After her husband was killed, they came to help. What they found changed all their lives forever.

AT 5.53pm ON JUNE 15, 2013, the security cameras at Cosmic Pizza in Hartwell, Ohio, just outside Cincinnati, recorded the four minutes that changed the lives of the Evans family. A customer enters the small takeaway restaurant and places an order at the counter. The owner, Rich Evans, moves back to talk with the small woman in the food preparatio­n area. The customer crosses behind the counter and pulls a gun. The woman throws herself in front of three tiny figures. Rich Evans runs for the door. The gunman shoots and follows.

Out of sight of video surveillan­ce, the end played out like this: shots rang out, Rich stumbled into an adjoining yard – and one family’s nightmare became a community’s challenge.

As the coroner’s office carried out its grim mission, an officer sat with Rich’s wife in a police car. As the woman wept, someone asked her whom to call. Family? Friends? Neighbours?

“We don’t have anybody,” she wailed. “No-one.”

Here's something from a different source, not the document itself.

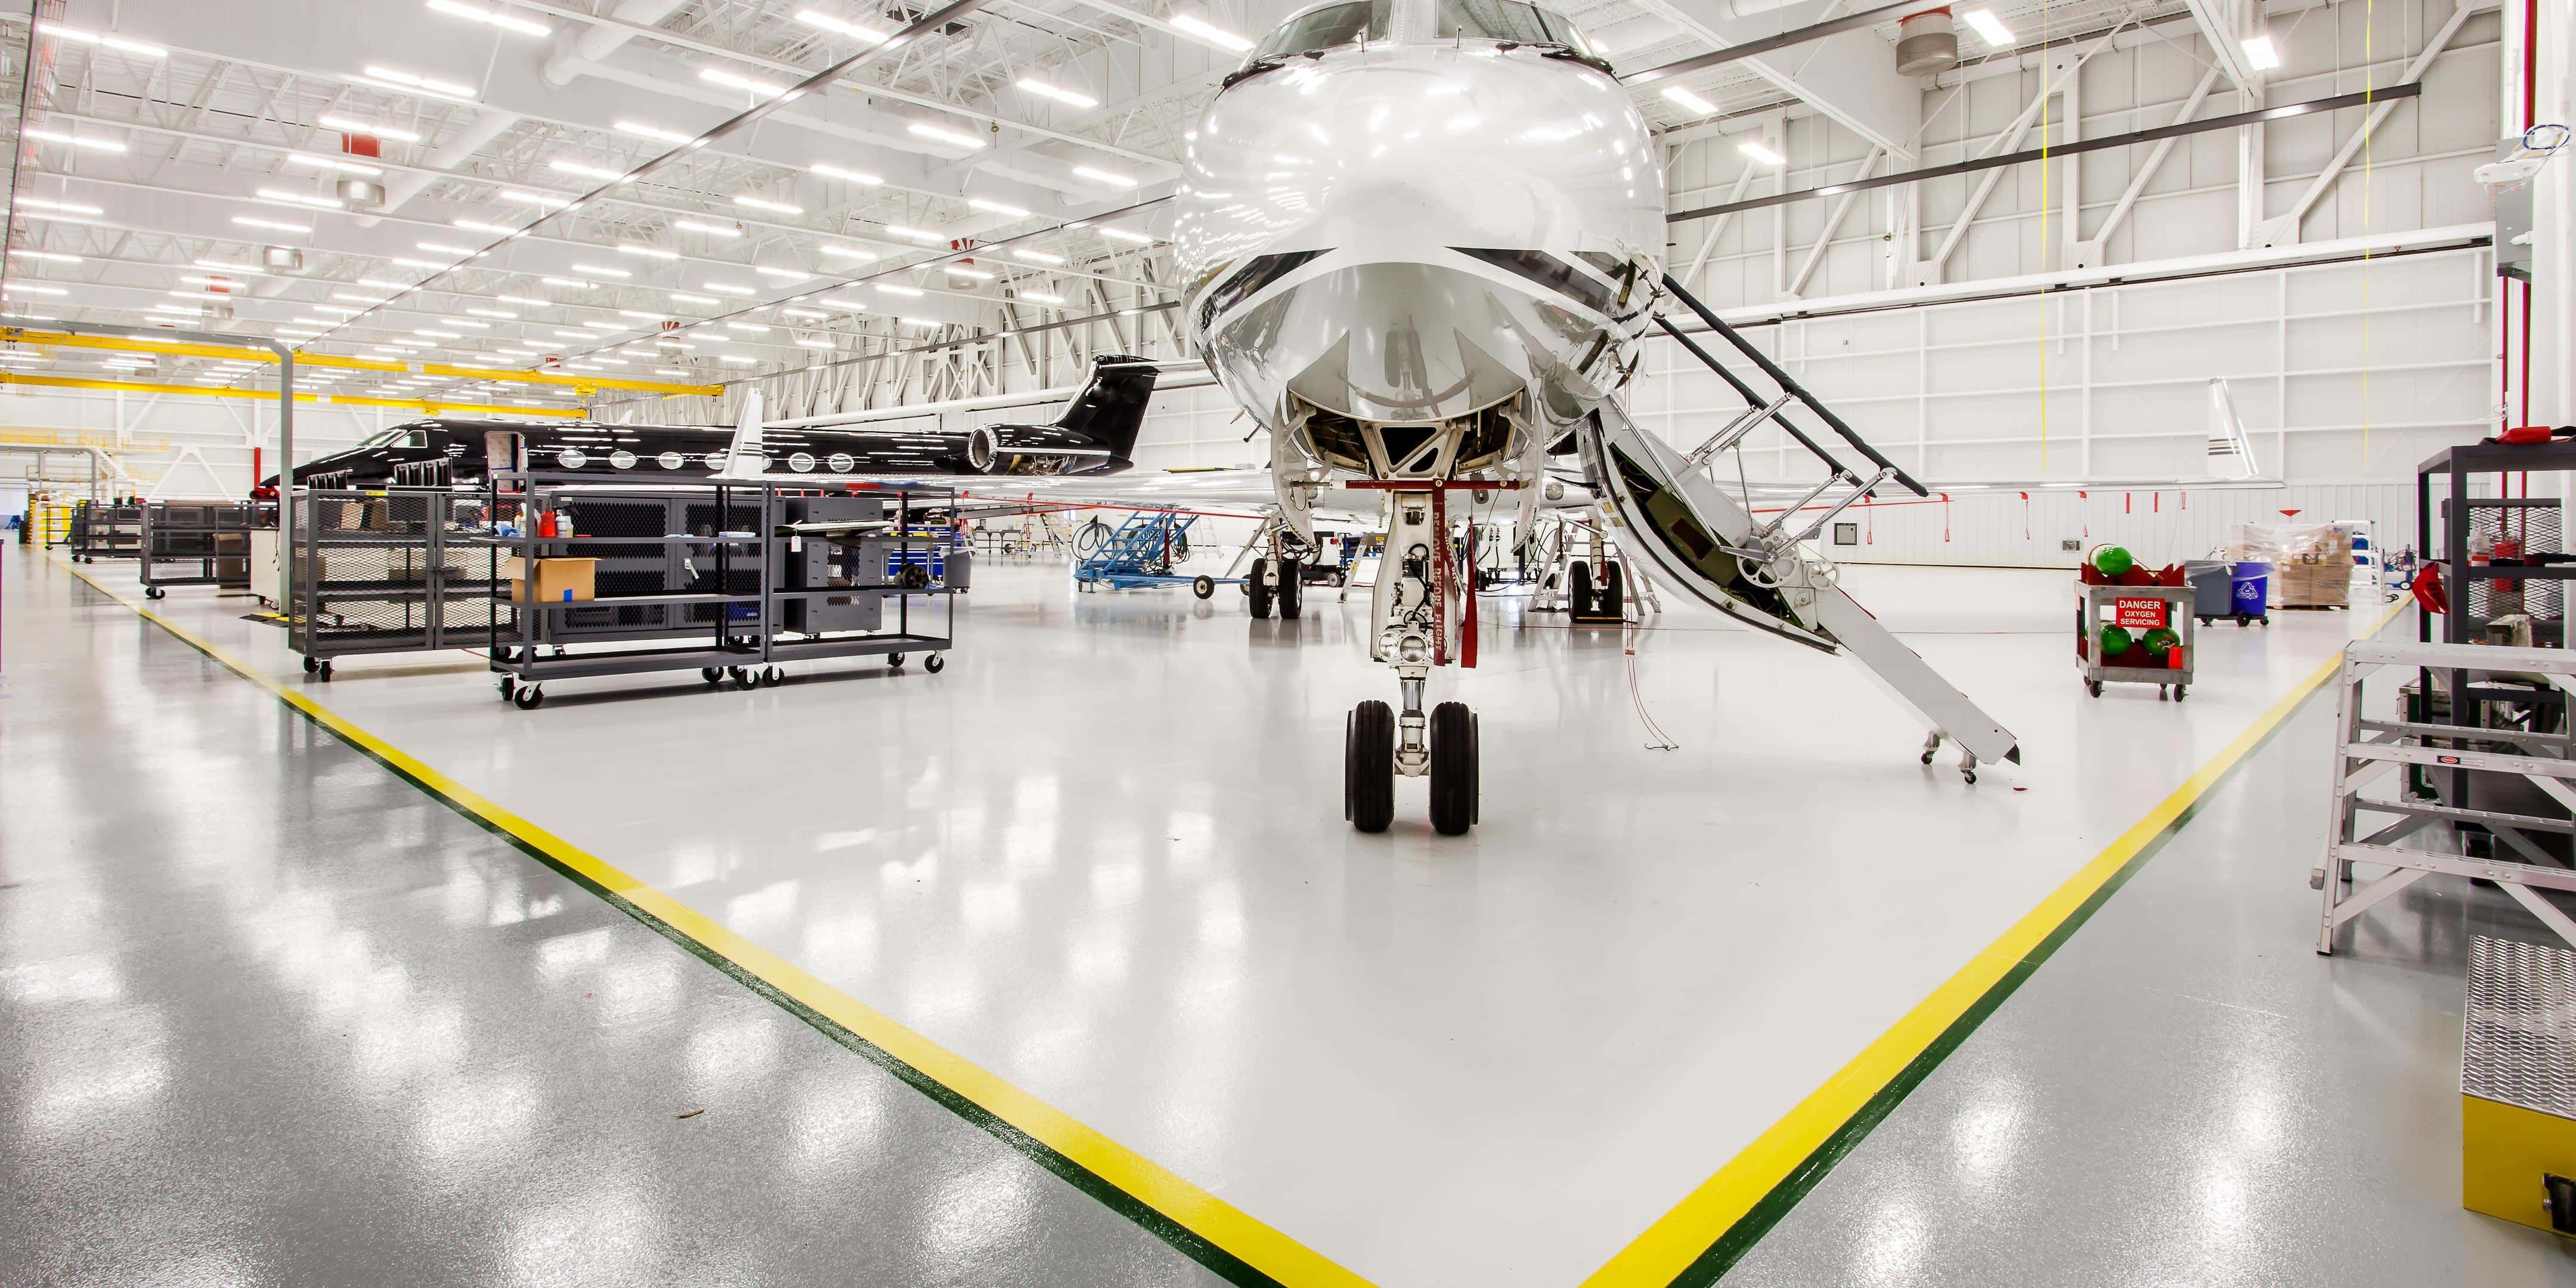 Resinous floor coating and sealant inside airplane hangar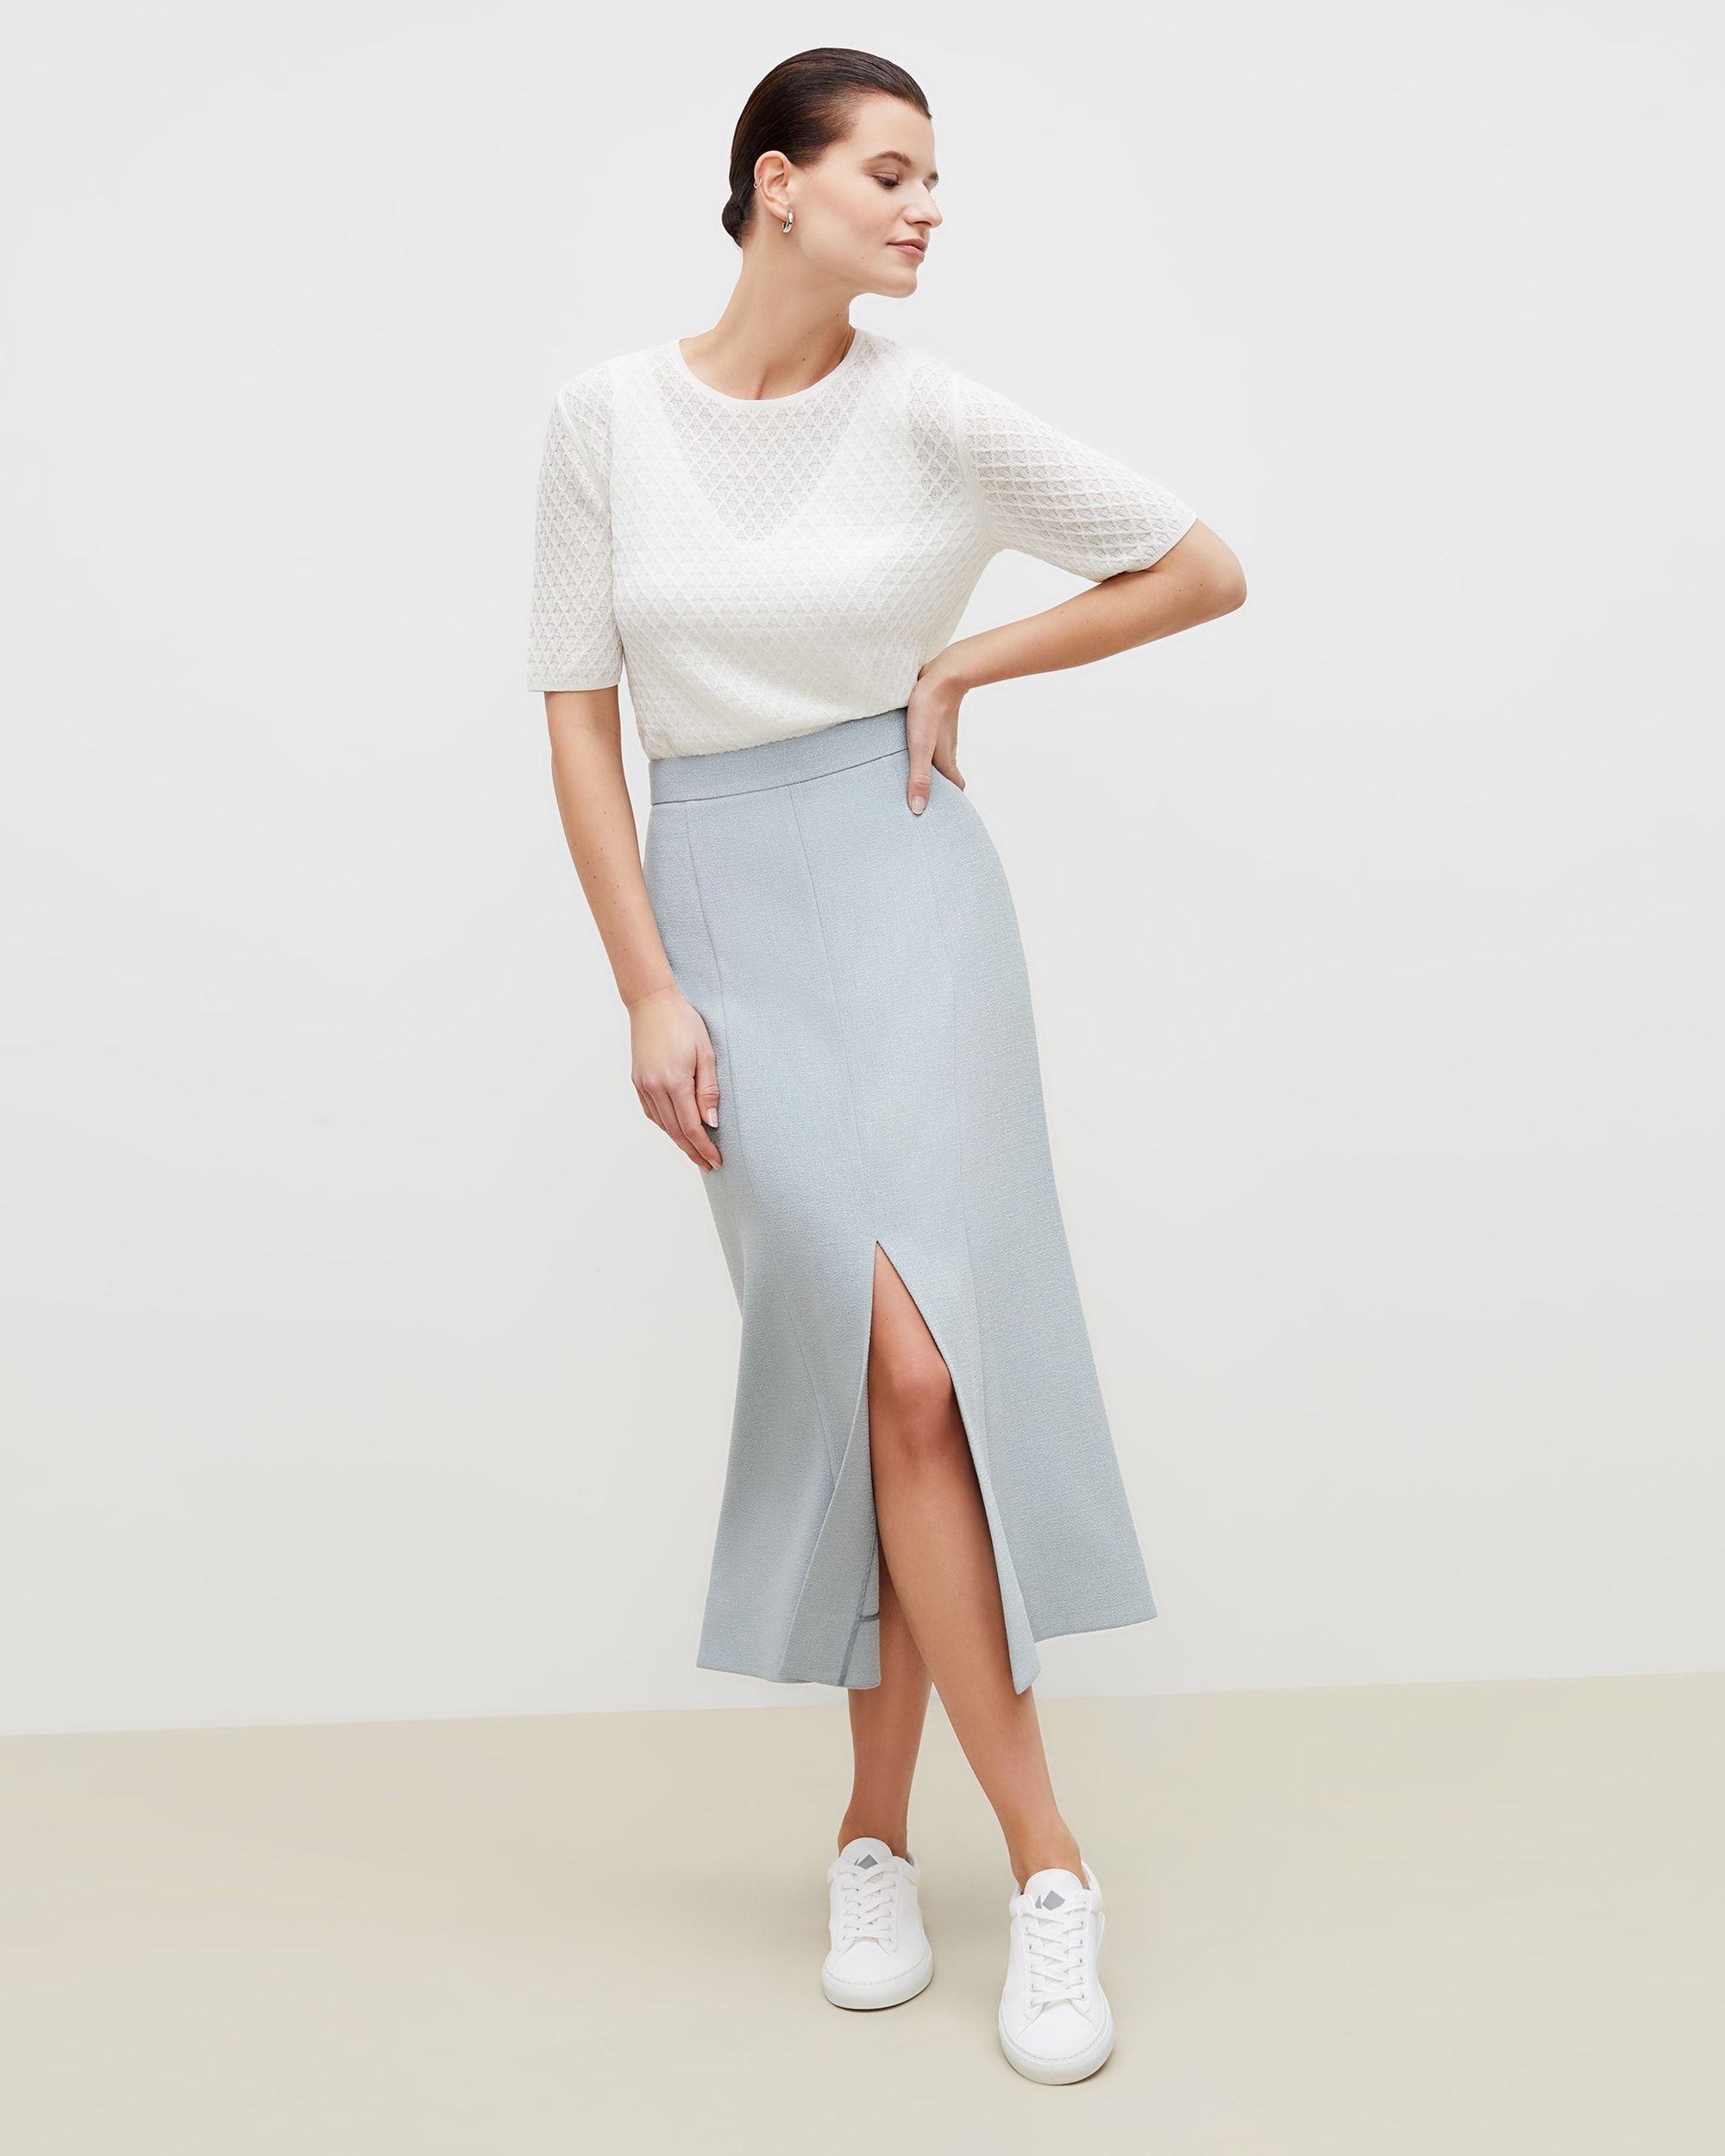 The Eva Skirt—Textured Suiting | MM LaFleur

RRICH EVANS’S WIDOW – Ornuma “Ao” Evans – was born in Thailand. She hadn’t spoken to her own relatives in years and knew very little about her husband’s. She didn’t have the name of anyone – not a friend or a neighbour – to call on for support. She also didn’t have a phone, a driver’s licence, or house keys.

And then there was this: she didn’t know her own address. Officers located the family’s house with the help of Google Street View.

Margot Madison was one of the onlookers who had been drawn by the commotion. Looking back on that grim evening, she recalls how surreal it was. “I remember thinking: What am I supposed to do with this experience?”

The next morning, she went to see Ao Evans with some other neighbours. The shattered woman who opened the door let them in and answered their questions. “We were looking for clues about who the Evanses were,” says Madison.

There was a typed to-do list on the fridge and giant containers of supplies waiting to be lugged to the restaurant. There were also the hand-drawn Father’s Day cards ready for a dad who, now, would never see them.

But it soon became apparent that the family functioned in a way that was … different. Even with keys, Ao – pronounced “O” – couldn’t have disarmed the security system, because she didn’t know how. She’d never really needed to: the family went everywhere together – including to Cosmic, where the kids played in a back room each day while their parents worked. Ao didn’t use a phone; Rich made all the calls. When Madison gave her an envelope of cash hastily collected that morning, Ao looked baffled. Handling money was alien; Rich did the shopping.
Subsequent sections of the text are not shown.